Re: solr break up word

Posted by Erick Erickson <er...@gmail.com>.
Hmmm, I'm not sure what happens when you specify
<analyzer> (without type="index" and
<analyzer type="query">. I have no clue which one
is used.

Look at the admin/analysis page to understand how things are
broken up.

Did you re-index after you added the ngram filter?

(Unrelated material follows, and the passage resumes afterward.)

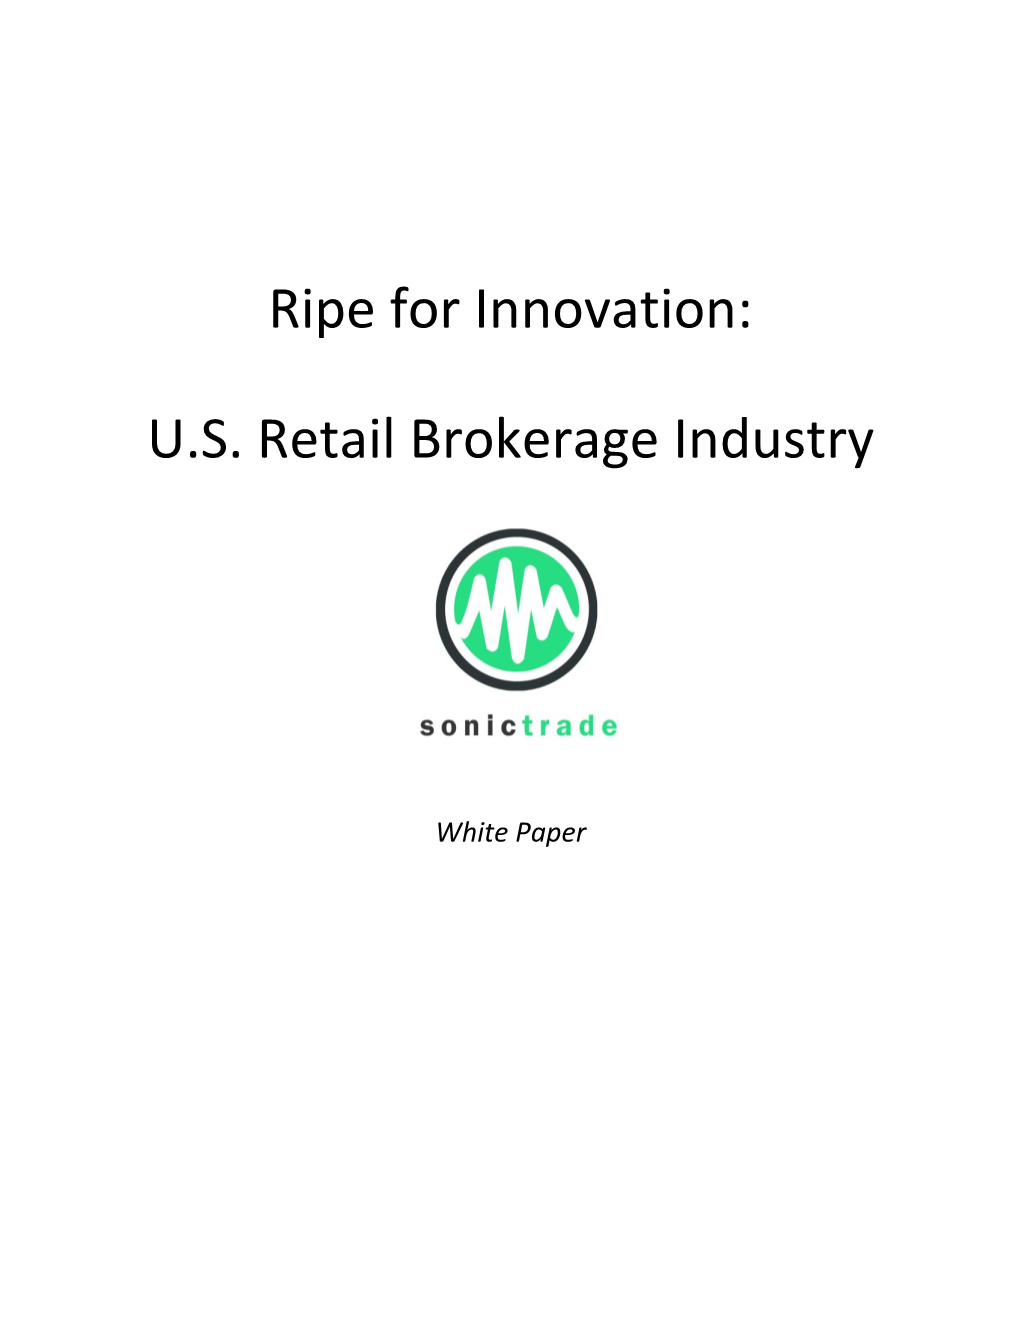 Ripe for Innovation: U.S. Retail Brokerage Industry

You'll get better help if you include example queries with
&debugQuery=on appended, it'll give us a lot more to
work with.

Best
Erick

On Wed, Oct 26, 2011 at 4:14 PM, Boris Quiroz <bo...@menco.it> wrote:
> Hi,
>
> I've solr running on a CentOS server working OK, but sometimes my application needs to index some parts of a word. For example, if I search 'dislike' word fine but if I search 'disl' it returns zero. Also, if I search 'disl*' returns some values (the same if I search for 'dislike') but if I search 'dislike*' it returns zero too.
>
> So, I've two questions:
>
> 1. How exactly the asterisk works as a wildcard?
>
> 2. What can I do to index properly parts of a word? I added this lines to my schema.xml:
>
> <fieldType name="text" class="solr.TextField" omitNorms="false">
>      <analyzer>
>        <tokenizer class="solr.StandardTokenizerFactory"/>
>        <filter class="solr.StandardFilterFactory"/>
>        <filter class="solr.LowerCaseFilterFactory"/>
>        <filter class="solr.NGramFilterFactory" minGramSize="2" maxGramSize="15"/>
>      </analyzer>
>
>      <analyzer type="query">
>        <tokenizer class="solr.StandardTokenizerFactory"/>
>        <filter class="solr.StandardFilterFactory"/>
>        <filter class="solr.LowerCaseFilterFactory"/>
>      </analyzer>
> </fieldType>
>
> But I can't get it to work. Is OK what I did or I'm wrong?
>
> Thanks.
>
> --
> Boris Quiroz
> boris.quiroz@menco.it
>
>